Medellin v. Texas and Treaties’ End

by Oona Hathaway

As many have noted, the Supreme Court’s decision yesterday in Medellin v. Texas raises serious questions about the binding nature of United States’s treaty commitments. The Court holds as follows: “Because none of these treaty sources creates binding federal law in the absence of implementing legislation, and because it is uncontested that no such legislation exists, we conclude that the Avena judgment is not automatically binding domestic law.” (Slip Op. at 10). In other words, the Optional Protocol to the Vienna Convention on Consular Relations may be binding as a matter of international law, but it is not binding domestic law because it is not self-executing and there is no federal legislation that puts the obligation into effect.

This decision just serves to prove a point that I make in my article, Treaties’ End, which was the subject of a forum on Opinio Juris last week. In the article, I argue that treaties can be more difficult to enforce in U.S. courts than congressional-executive agreements. That is in part because some treaties are not self-executing. (I put to one side, for now, the question of whether the Court was right that the treaty obligations at issue in Medellin are or are not self-executing.) In such cases, two problems can emerge. First, a non-self-executing treaty could impose an international obligation on the United States that would be unenforceable as a matter of domestic law—because the necessary implementing legislation has not been passed—leaving the country in violation of its international obligations. (That is essentially what the Medellin Court decided had happened in that case.) To avoid this problem, the Senate usually postpones its advice and consent to a non self-executing treaty until implementing legislation can be enacted concurrently. Alternatively, it might give its advice and consent to the ratification of a treaty contingent upon the subsequent enactment of implementing legislation. That did not happen here—either because everyone involved assumed the treaty obligations were, in fact, self-executing or because the nature of the treaty obligations were not expected to give rise to individual claims under the treaty that could only be satisfied if there were federal implementing legislation (if the latter were true, that would represent a serious lack of foresight that should have been addressed once the individual claims were in fact filed).

As I argue in my article, congressional-executive agreements make it possible to avoid these dilemmas. Congressional-executive agreements are created by means of legislation passed by both houses of Congress. Unlike non-self-executing treaties, congressional-executive agreements provide one-stop shopping: the same act that provides the authority to accede to the international agreement can also make the necessary statutory changes to implement the obligation incurred. Had the Vienna Convention and Optional Protocol been entered as congressional-executive agreements, it is extremely unlikely that the Court would have held in Medellin that the treaty obligations were unenforceable in U.S. courts as a matter of domestic law.

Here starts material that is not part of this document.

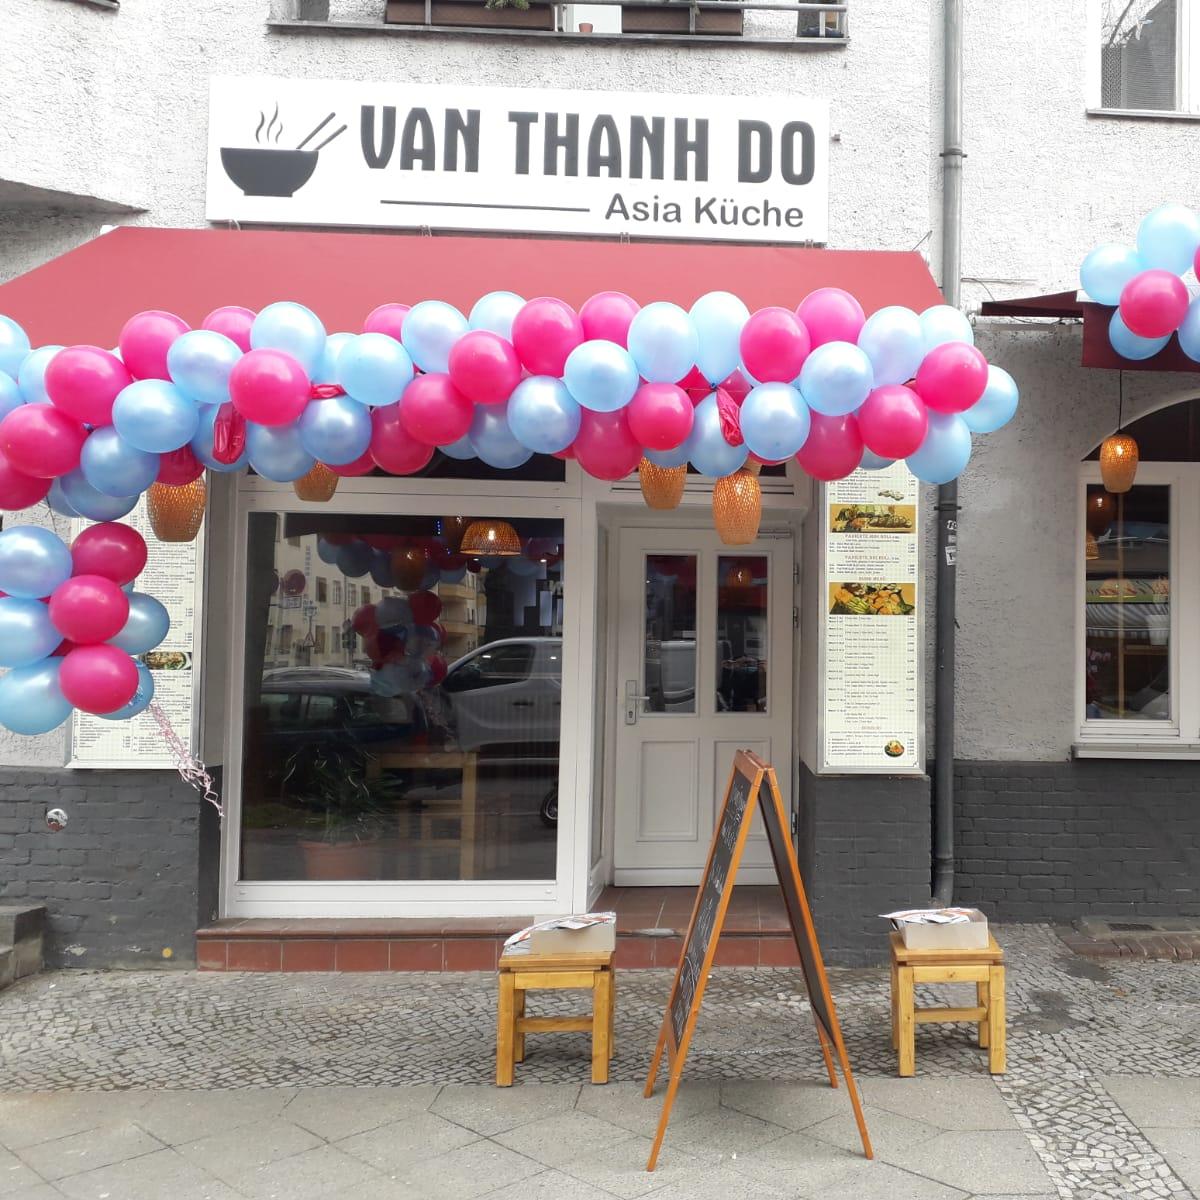 Restaurant "Van Thanh Do" in Berlin

http://opiniojuris.org/2008/03/26/medellin-v-texas-and-treaties-end/

One Response

  1. Thinking about this overnight and reading the comments of all, I am wondering if the import of this is really worse than I feared and we are facing what might be called a defacto Bricker or a neo-Bricker decision.

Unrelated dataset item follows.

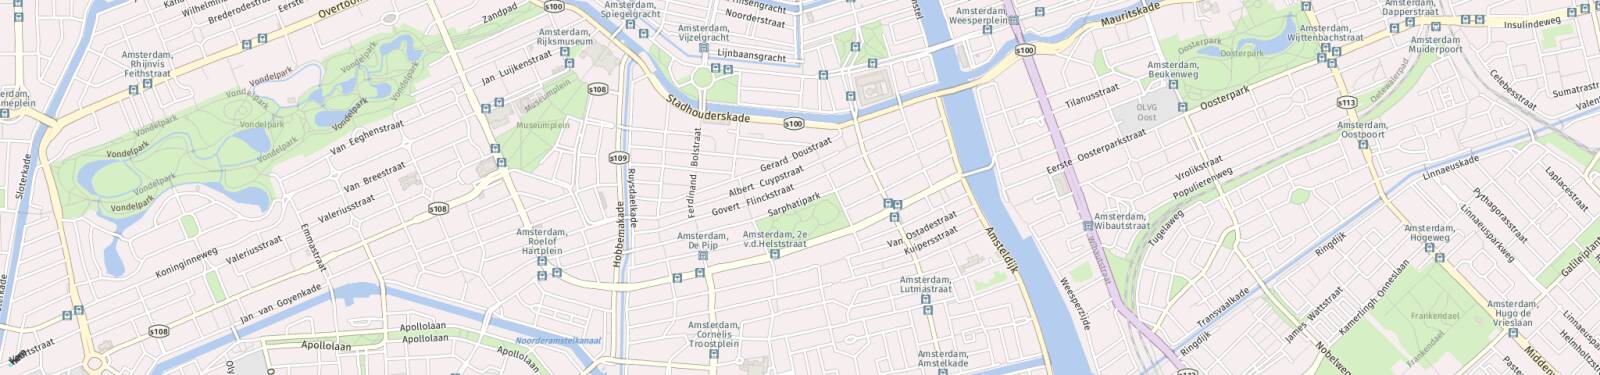 Kaart met locatie Appartement Govert Flinckstraat

    As noted by Oona Hathaway and David Sloss, the status of treaties as binding federal law is fragilized by the decision that seems to give a broad expansive impact for non-self-execution: the non-self-executing treaty is not seen as binding domestic law.

    The text alone or what Congress does determines if the treaty is considered binding domestic law. One can imagine three scenarios with no binding domestic legal effect for a treaty: (1) negotiating treaties to have a likely non-self-execution interpretation by a US court, (2) declaring a treaty as negotiated is non-self-executing, or (3) no Congressional implementing legislative action.

    All three would leave an obligation on the United States without any internal domestic Supremacy Clause effect. But the obligation is on the United States. What do states do then? Texas can see the US obligation and decide for its own reasons to follow the treaty obligation while Oklahoma can decide not to or vice versa. State by state opting into complying with the obligation of the United States would seem the result – almost like the kind of vote by states on treaties the Bricker Amendment was seeking.

    These thoughts make me worry that I am facing a more radical vision here. At least before this, you had the Supremacy Clause idea covering treaties whether self-executing or non-self-executing. Roberts appears to be putting the non-self-executing treaties in a particularly special status of less than binding federal law: words with only an internal effect that is voluntary on states.